Talk to your Mac.
It sees, and does the thing.

A native macOS assistant that lives next to your cursor. Press a hotkey, speak, and it reads your screen, clicks and types for you, and answers back in voice — powered by the OpenAI Realtime API.

macOS 14+ · Apple Silicon  ·  your own API key

The Cursor Voice orb resting inside a chat input field, with a glowing aurora ring around the mouse pointer.
What it does

Voice in. Action out.

No window to switch to, no copy-paste. The orb appears at your cursor, listens, and acts on whatever's in front of you.

Real-time voice

Streams your voice to the OpenAI Realtime API and talks back. Interrupt it mid-sentence — it stops cleanly and listens.

Sees your screen

Captures the display so it can answer about what you're looking at — and verify its own actions with a fresh screenshot after each one.

Drives the Mac

Clicks buttons by name through the Accessibility tree, types, scrolls, runs AppleScript and shell. Mouse simulation only as a last resort.

Reads text on screen

When a target isn't in the Accessibility tree, it OCRs the screen with the Vision framework and clicks the text directly.

Live web access

Searches the web and reads pages for current information instead of guessing from stale training data.

Remembers

Keeps durable facts — your preferred apps, project paths, common tasks — in local memory across sessions.

How it works

From hotkey to done.

1

Summon

Press the hotkey (default ⌃⌥/) or say the wake word. The orb materializes right at your cursor.

2

Speak

Ask for anything — "what's this error", "open my downloads", "search for X and summarize it". It captures the screen if it needs context.

3

It acts

It picks the most reliable path — Accessibility click, OCR, AppleScript, a keyboard shortcut — and a halo follows the cursor while it works.

4

It verifies

After each action it takes a fresh screenshot and checks the result actually happened before moving on. Then it tells you it's done.

Why it lands the click

It hits the right thing,
almost every time.

Most assistants guess pixel coordinates from a screenshot and miss a lot. Cursor Voice doesn't guess — it targets real UI, and falls back through layers until something lands.

1 · Accessibility tree

Reads the app's real controls and fires the button's own action directly — no mouse simulation, no coordinate math.

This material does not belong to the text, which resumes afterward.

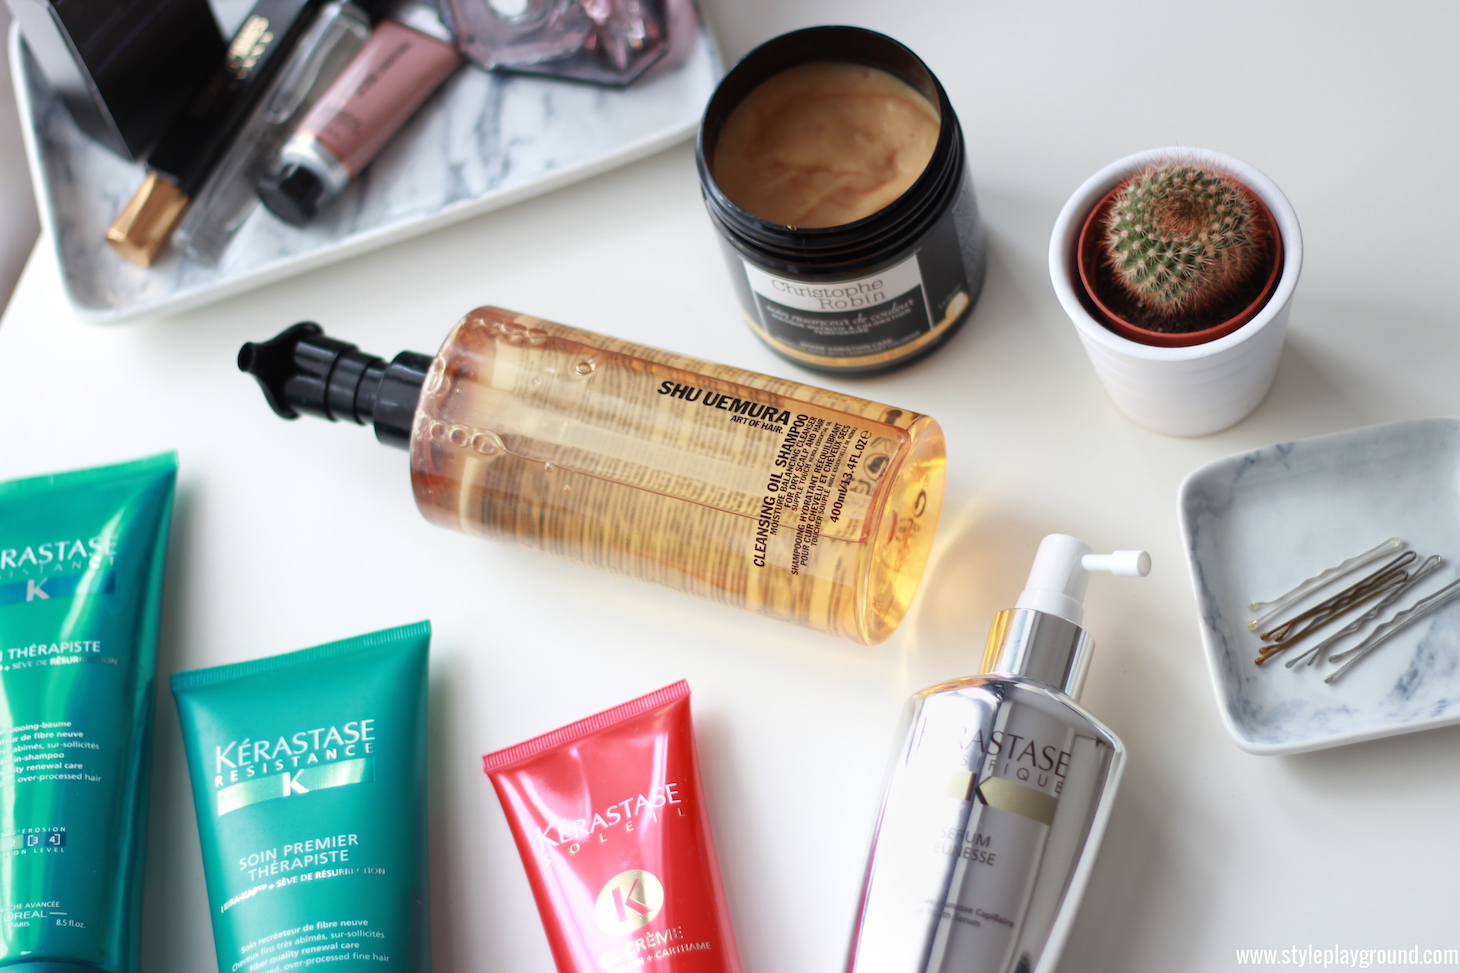 hair products I am loving right now

Pixel-perfect on native macOS UI.

2 · On-screen text

If a target isn't in the accessibility tree, it reads the screen with the Vision framework and clicks the text — covering web pages, Electron, anything with a label.

3 · Verify & retry

After every action it takes a fresh screenshot and checks the result actually happened. If the UI didn't change, it re-locates and tries again instead of plowing ahead.

Under the hood

The tools it can reach for.

The model chooses the most direct path for each task. Clicking real UI is preferred over guessing pixels.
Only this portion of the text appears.